Skinny health insurance plans under the Affordable Care Act
May 29th, 2013
There’s been a lot of talk lately about businesses opting to provide their employees with so-called “skinny health insurance plans” instead of something more comprehensive such as a PPO ,to circumvent the essential benefits of the Affordable Care Act’s employer mandate.
The Wall Street Journal broke the news about skinny health insurance plans last week, and allegedly confirmed from federal officials that they’re a viable and legal option. Now other major media outlets have picked up the story and spread the word.
Let’s take a look at what the fuss is all about.
In an article by Forbes contributor Avik Roy, Roy dissects the Journal’s reasoning for “skinny plans”. So far his is one of the more balanced approaches to the issue.
Roy starts by describing the employer mandate and the different penalties faced by businesses for not complying with it. As a primer, here is how the different penalties are applied.
If a business with 50 or more full-time workers does not offer them a health insurance option then the business is penalized $2,000 for each employee minus 30. For a business just at the 50 employee mark that would mean a total penalty of $40,000.
A business can also be penalized for not offering insurance to their employees at a low enough price or insurance that is comprehensive enough. If that’s the case and some workers opt to get their health insurance at the public exchange then the business is penalized $3,000 for every worker who chooses to do that.
Roy calls the penalty for not providing health insurance the ‘strong’ penalty, while the penalty for employees who choose to get their insurance at the exchange as the ‘weak’ penalty.
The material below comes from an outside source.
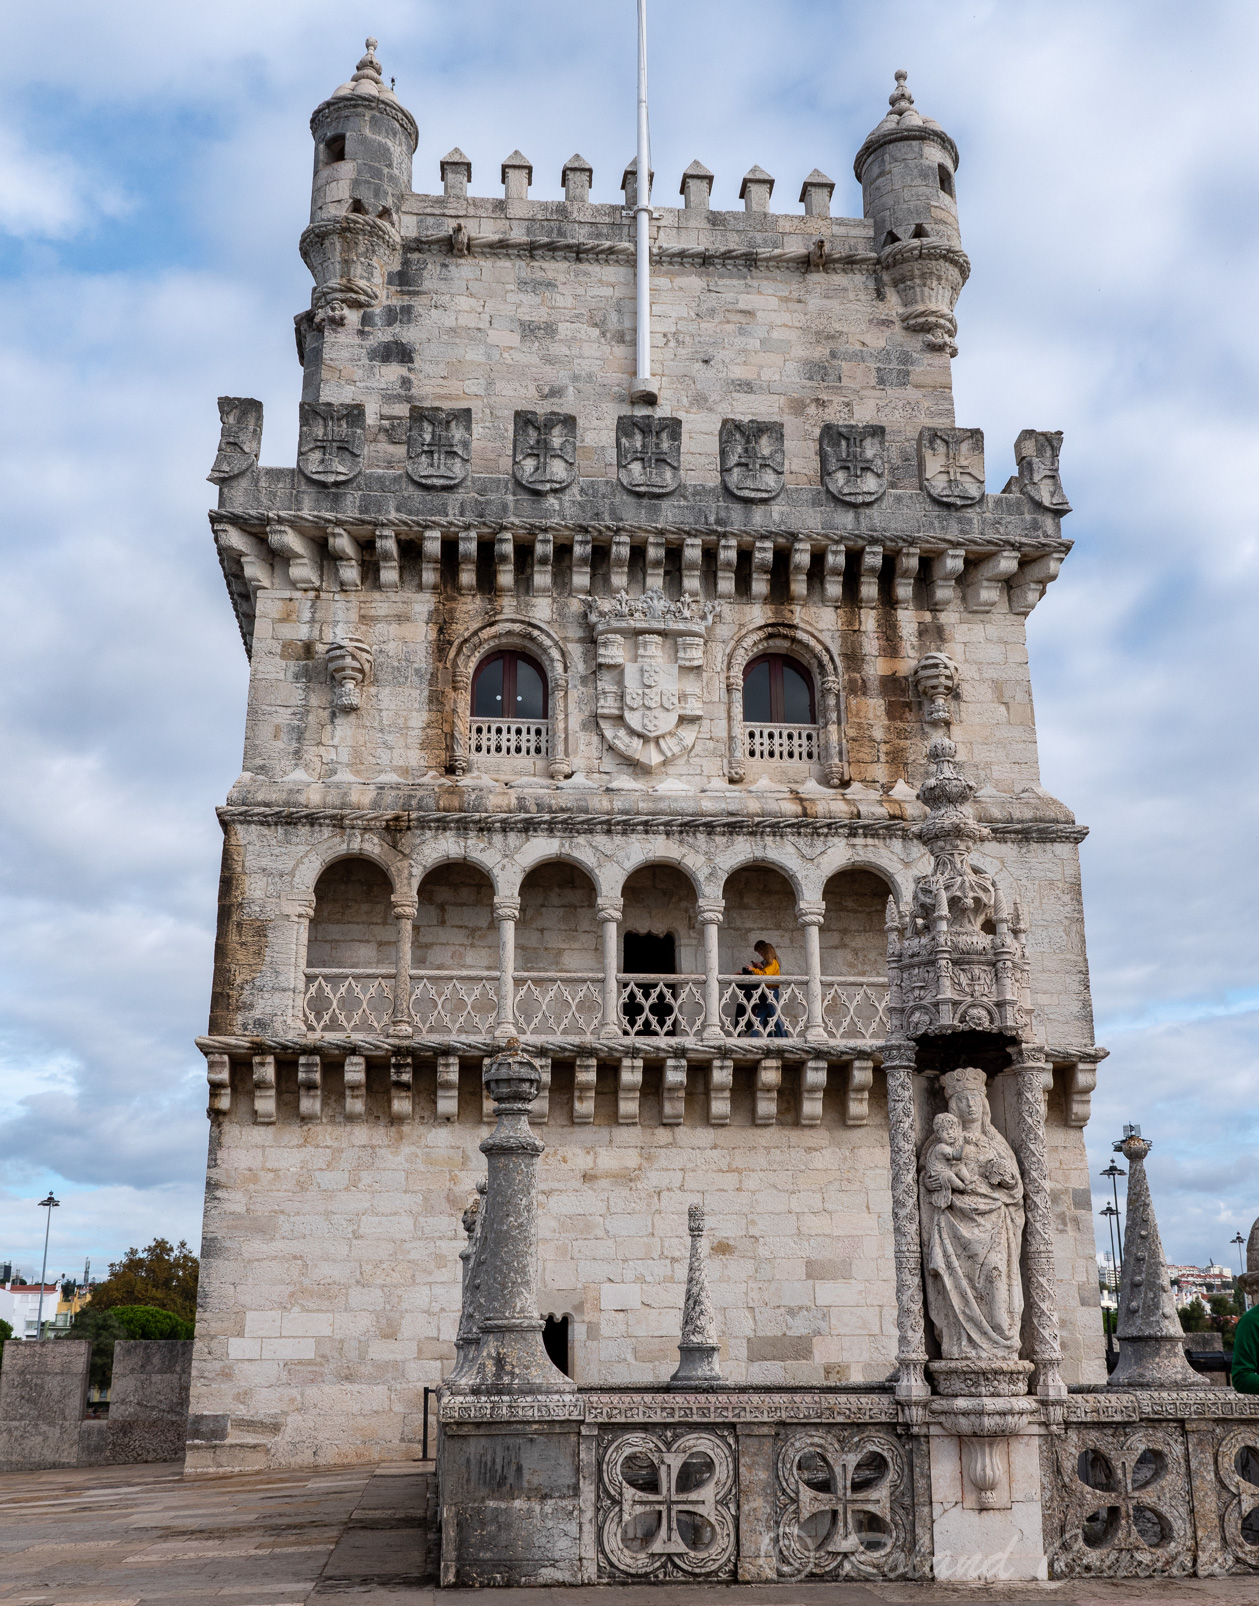 La loggia couverte de style Renaissance court sur toute la longueur de la face sud du premier étage de la tour, donnant une touche vénitienne à l'architecture du bâtiment.
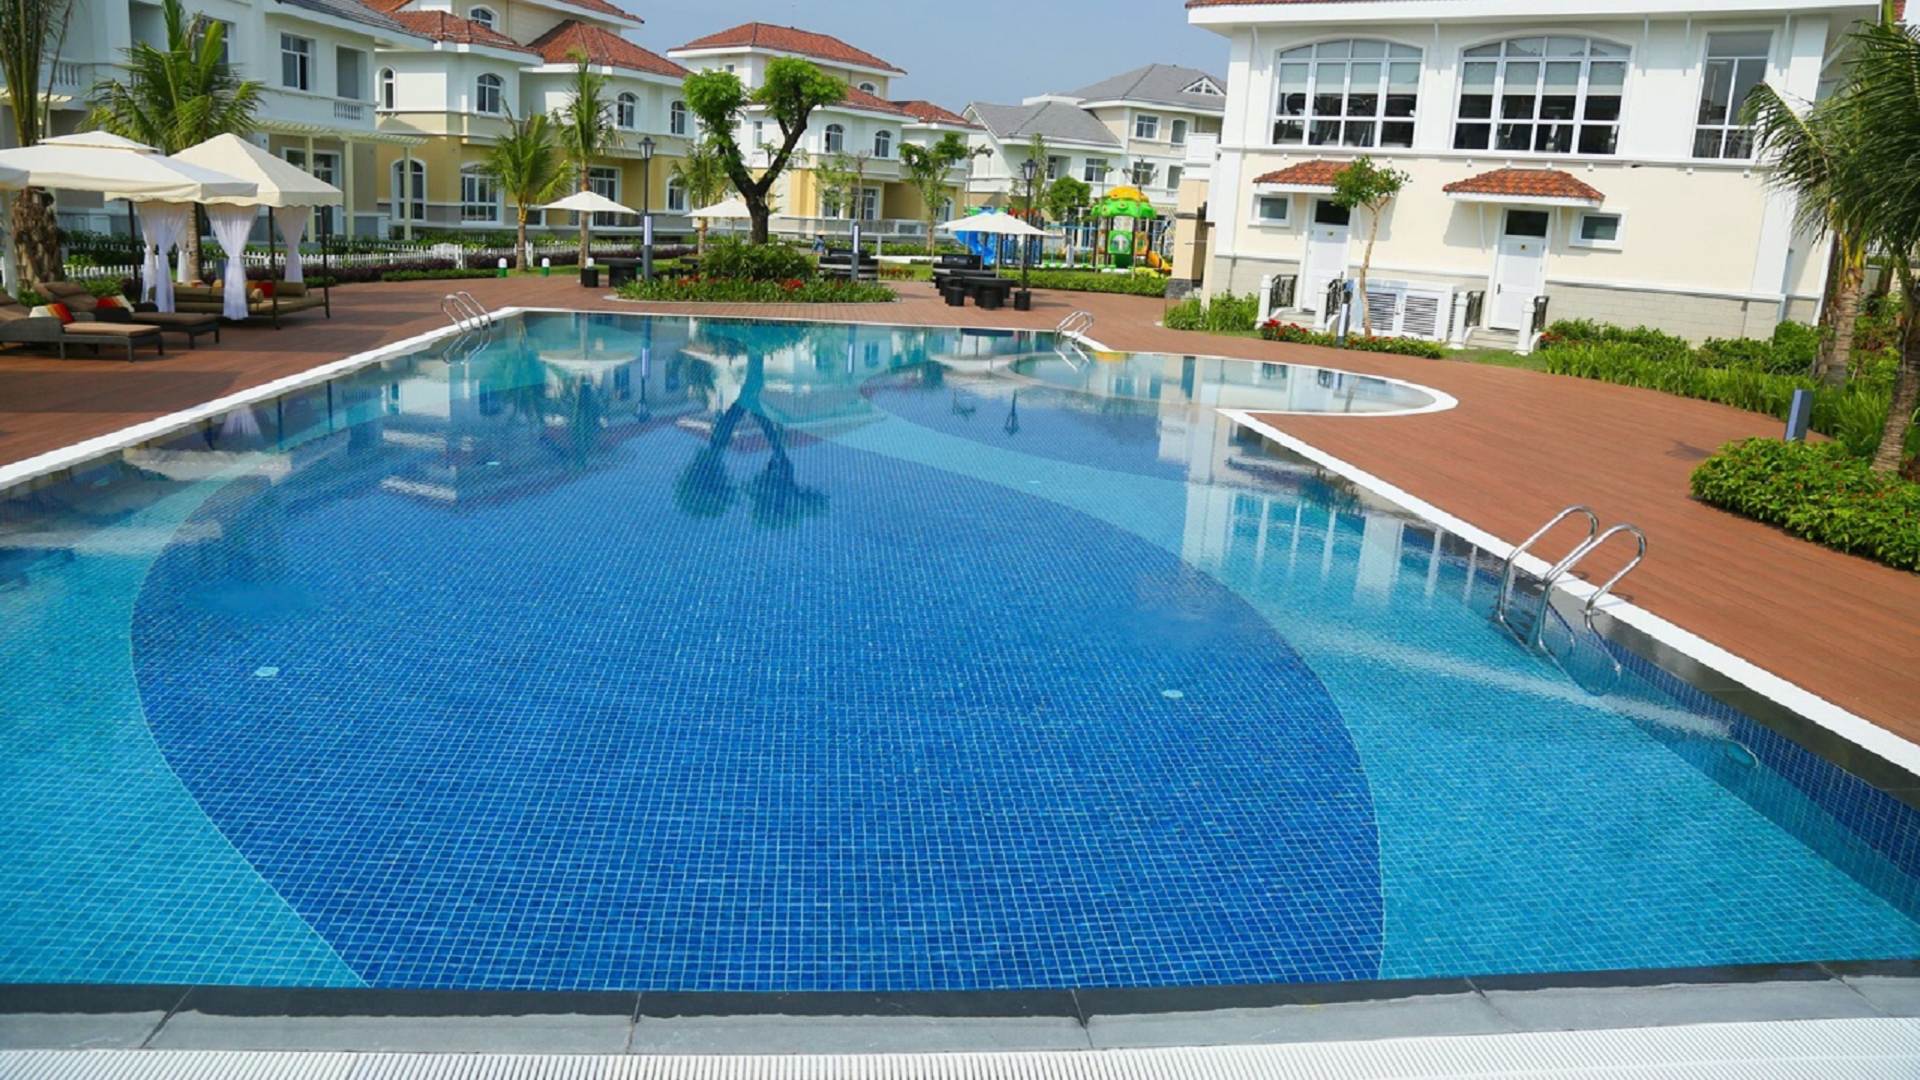 Hùng Vương Pool - Cung cấp thiết bị bể bơi chính hãng toàn quốc

Now not every employee would want a comprehensive health insurance plan or not every employee would go to the exchange, so that makes the weak penalty significantly cheaper than the strong penalty. Which gets to the heart of the matter.
Clearly a business will want to pay as small a penalty as possible. So if they had a choice they’d go for the weaker penalty right?
Maybe you’re thinking, wait how could they get away with offering their employees a crummy plan and not pay the ‘strong’ penalty?
Because of some vaguely defined language in the Affordable Care Act legislation choosing the weak penalty over the strong penalty is a viable route for companies. Again, this was allegedly confirmed as nice and legal by the Wall Street Journal from a source in the federal government.
Let’s dive a little bit into the Affordable Care Act legislation. Employers subject to the mandate must provide their employees with “minimum essential coverage” to avoid the so-called ‘strong’ penalty, according to the legislation.
But what is minimum essential coverage? According to Roy who looked up the definition in the Internal Revenue Code (IRC):
Section 5000(A)(f) of the Internal Revenue Code. The IRC states that minimum essential coverage can consist of either (a) government-sponsored coverage, such as Medicare or Medicaid; (b) an “eligible employer-sponsored plan”; (c) a plan “offered in the individual market within a State”; (d) a “grandfathered health plan”; or (e) anything else that the Secretary of Health and Human Services deems appropriate.
Alright so what we’re focused on here is letter b, “an eligible employer-sponsored plan”. More definitions?! What does this one mean?
Again according to the Roy quoting the IRC:
Paragraph 2 of Section 5000(A)(f) defines one as “a group health plan or group health insurance coverage offered by an employer to the employee which is [either a government-sponsored plan] or “any other plan or coverage offered in the small or large group market within a State.”
Wait a minute? Any other plan or coverage offered in the small or large group market within a state? Wouldn’t that mean just about any health insurance plan sold in the state meets the requirements of an eligible employer-sponsored plan? That’s what Roy goes on to talk about for the rest of his article.
With this in mind it’s possible for a business that’s not keen on providing a comprehensive health insurance option to its employees to just not do it. They can instead opt for a smaller less comprehensive ( cheaper) plan and avoid the harsher penalty.
This has some pretty dire implications for the Affordable Care Act if employers decide this is the way to go. Workers who had hoped for employer-sponsored insurance will find themselves having to choose between a lackluster insurance plan or a potentially pricey insurance plan on the health insurance exchange.
This certainly won’t affect all sectors of the job market. Highly skilled, in demand workers simply wouldn’t stand for their boss offering them a low end health insurance plan. Of course the Affordable Care Act was never intended to help that sector of the economy. Its goal has always been those 45 million low skilled, blue collar, uninsured Americans who can’t afford health insurance on their own.
What’s more likely though is that low income hourly workers who the Affordable Care Act was supposed to help will be disproportionately impacted by this practice if it catches on, which seems likely.
It comes down to the fact that businesses simply don’t want to be forced to pay for health insurance. Between fierce competition, regulations, taxes, and government oversight businesses, their bottom lines are already stretched to the limit. At the end of the day how much is going to be left over to pay for employee health insurance that covers everything imaginable health issue under the sun?
The Wall Street Journal and Roy’s analysis finds a clear loophole in the Affordable Care Act. With an economic incentive to save money wherever possible these ‘skinny plans’ might become the new normal for a large sector of the economy.